For Duncan, hindsight suggests that Marasco may perhaps have been campaigned over distances beyond his optimum. 

“Looking back now I feel like he was never a 2000m horse, he was never even a mile horse – he had no right to run second in the Australian Cup but that’s how good he was. He was a sprinter with a very high cruising speed and he was very effective. The day he beat Apache Cat in the Makybe Diva, he doesn’t even look like he’s moving, he was such an efficient horse.” 

Marasco and Darren Beadman defeat G1 star Apache Cat in the Makybe Diva Stakes. (Photo by Mark Dadswell/Getty Images)

As for any soundness issues, Duncan feels Marasco’s niggles were simply a result of his immense frame, one nurtured under the patient guidance of Kersley. 

“If you weigh-in at 550kg race day that’s 600kg going into work, you can be perfect and still have issues. He ran 33 seconds or less for the final three furlongs on 10 occasions I think. 

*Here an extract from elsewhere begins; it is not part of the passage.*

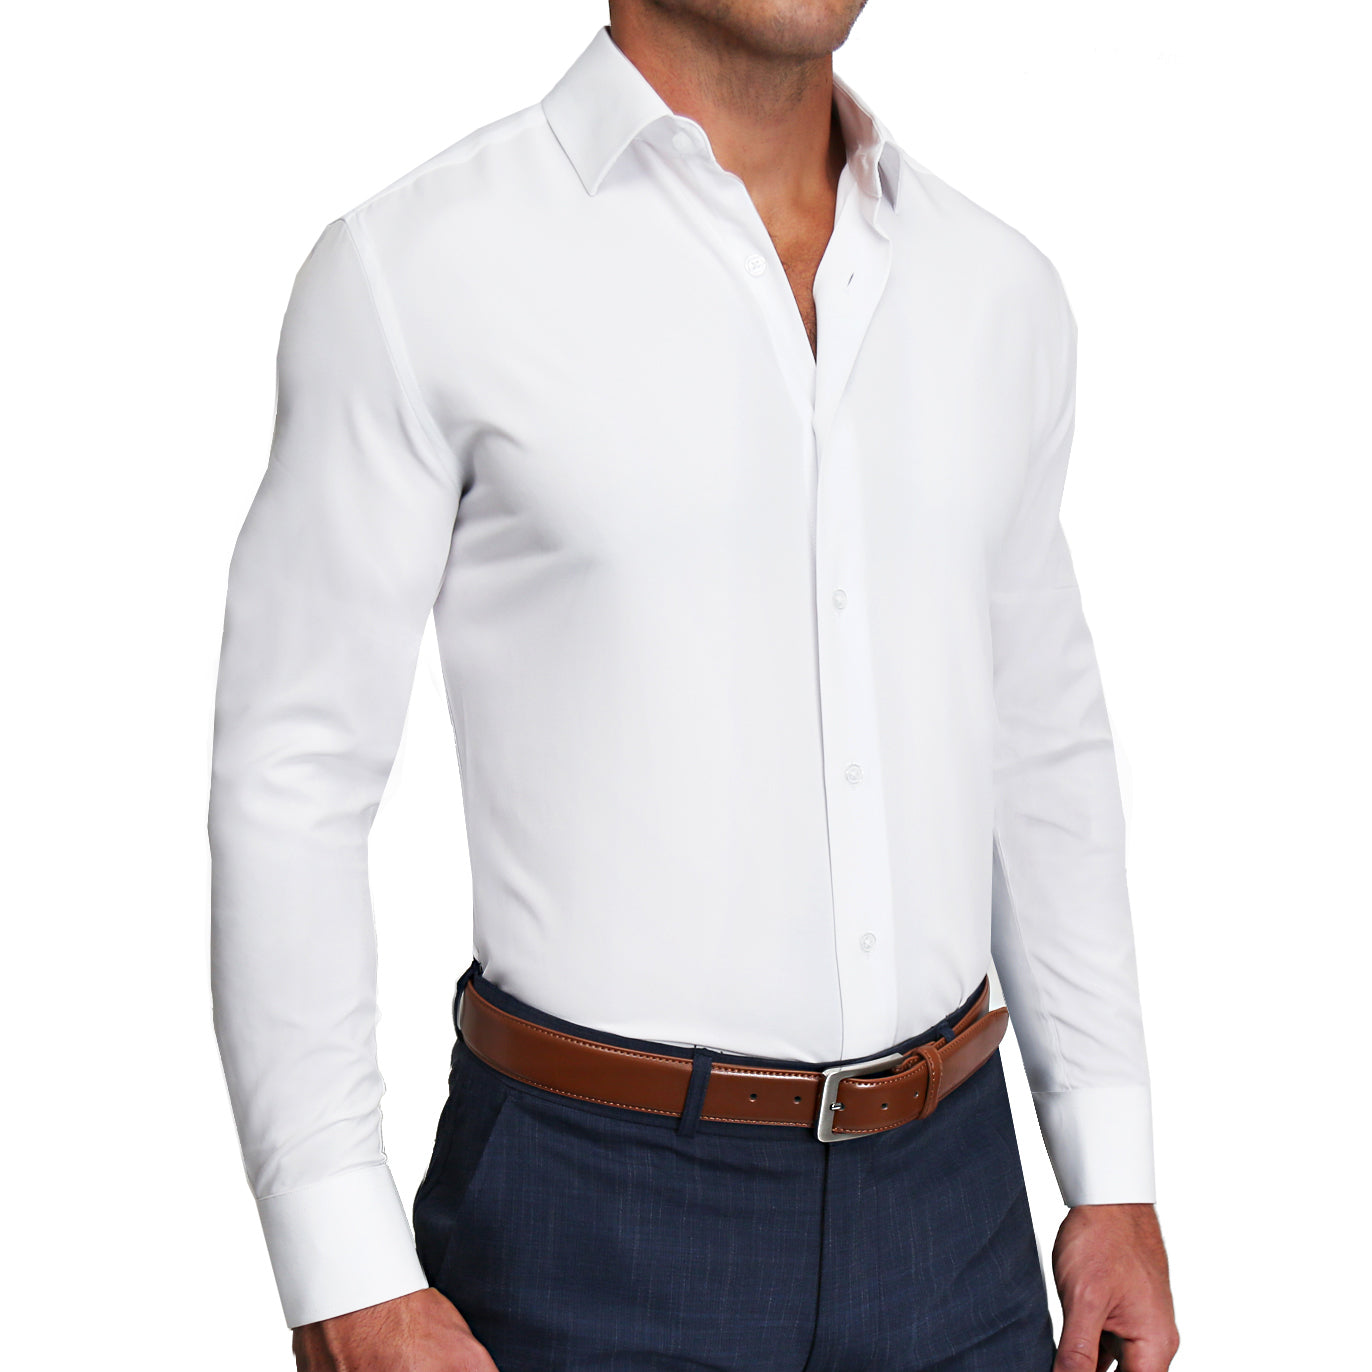 Quality Stays 250 Plastic Collar Stays - 4 Sizes for Men White

“When you’re travelling at that speed and you’re built like he is, you only have to put your hoof in a rough patch to put extra stresses on it.

“But Fred Kersley was very good at minimising the impact of those sorts of dynamics in his horses.”

And in the same week that Northerly assumes naming rights for Western Australia’s 1800m Group 1, the former Kingston Town Stakes, Duncan can’t resist a cheeky reference to his great champion.

“Fred and I had horse who won a couple of Cox Plates whose name I forget now.

“He was ill-conformed, and a less patient trainer would likely have pushed too early and broken him down too.”